A Louisiana mother says her son was racially profiled by a doctor who denied her son a surgical procedure on the basis of a joke Christmas sweater, reports KATC.
Shelley Jack of Ville Platte, Louisiana, says she took her 17-year-old son, who had been shot, to get a follow-up treatment at Mercy Regional Medical Center. However, according to Jack, the doctor they saw did not approve of his patient’s apparel and used the clothing to make assumptions about the teen’s personal life. The dates of the incidents in question remain unknown as of this writing.
The teen was wearing a red sweatshirt emblazoned with a drawing of a sunglasses-wearing Santa Claus and the words “Gangsta Wrapper” underneath.
“And he looked at him and said, ‘You have the nerve to come in to my office with this gangsta apparel after you got shot in the leg and all the kids got shot due to gangster activity,’” Jack told KATC.
“It’s a joke,” she told the media outlet. “Just a funny shirt.”
Jack said her son was not involved in a shooting and was actually trying to divert a friend away from a fight when shots were fired and the teen was hit in the leg.
After initially receiving treatment, Jack said they were told they would have to get a surgeon to remove the bullet, only for the surgeon in question to refuse to perform the procedure.

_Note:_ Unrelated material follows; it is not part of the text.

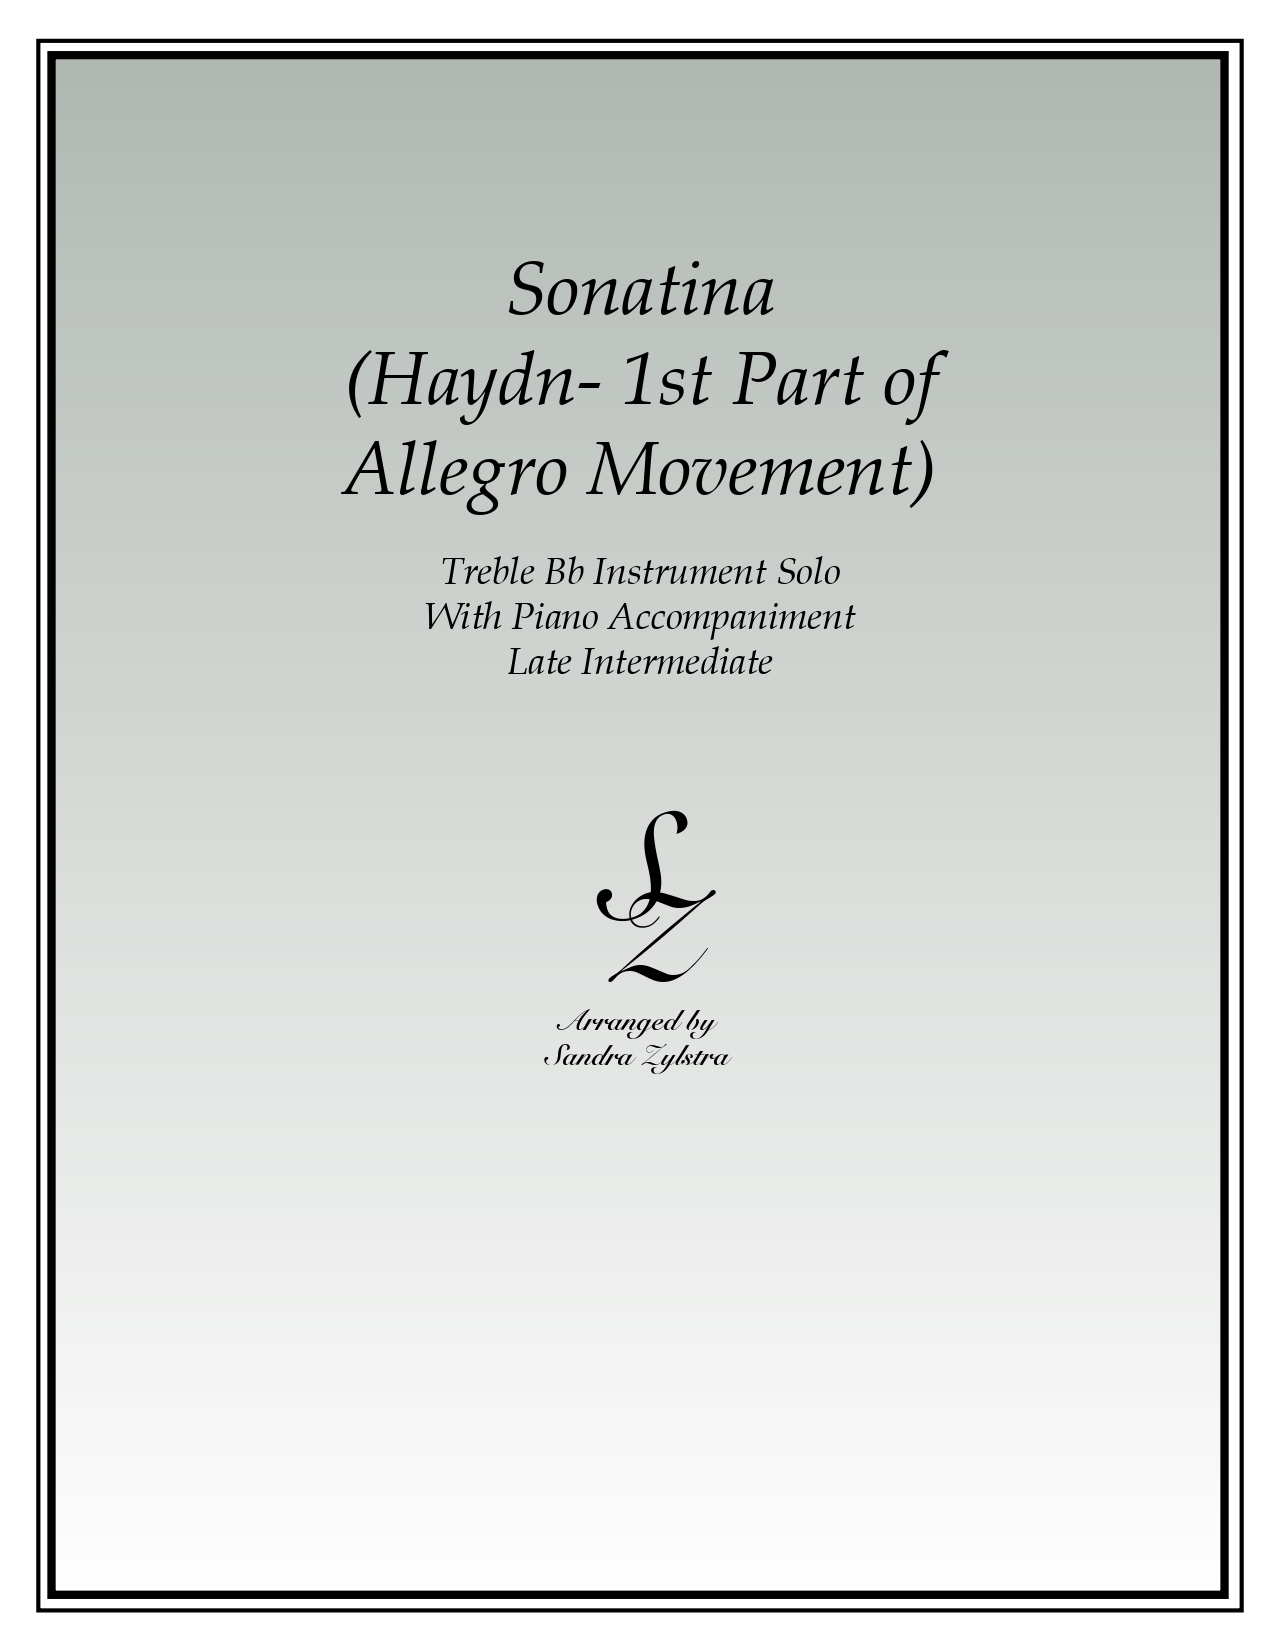 Sonatina Haydn Bb instrument solo part cover page 00011
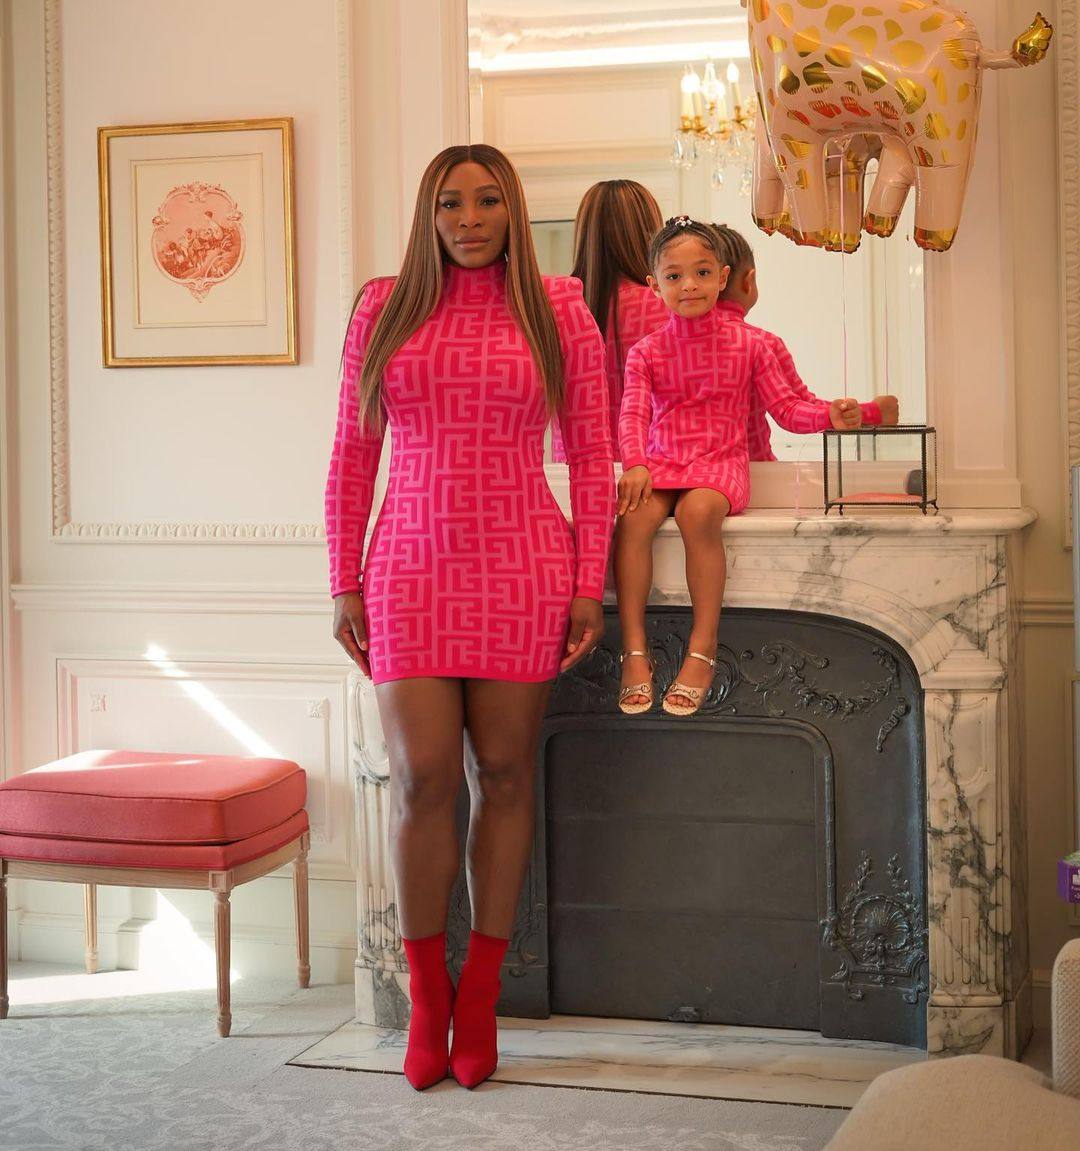 Alexis Olympia Ohanian Jr. is already a young fashionista, regularly twinning with her mum, tennis great Serena Williams. Photo: @serenawilliams/Instagram

“I said, ‘I don’t see the problem, but he can take it off,’ and he said, ‘No, you don’t come into my office with this gangsta gear. That’s disrespectful to me and everyone else in here.’ And he ranted on how he wasn’t going to participate in helping a gang member. That’s what I got from it,” she recalled.
“You could see my son was upset. I was more hurt for him because he’s not a gang member. He’s 17. That doesn’t give him the right to profile him because of something he was wearing,” Jack said.
Jack’s son was eventually able to make an appointment for the surgery from another doctor at Mercy Regional, which, according to its Facebook page, staffs more than 20 physicians and has a 48-bed facility that serves approximately 40,000 patients yearly.
“It hurt my feelings because I know my son, he doesn’t, he’s not perfect, but he trying. He’s in high school about to graduate. He was at the wrong place at the wrong time. That doesn’t give him the right to profile him because of something he was wearing.”
Jack is assessing legal measures and has formally filed a complaint with the hospital, which issued a statement to KATC, saying, “Our hospital takes all complaints very seriously. We complete a full investigation on each complaint filed. All complaints are confidential and we maintain the privacy of each patient.”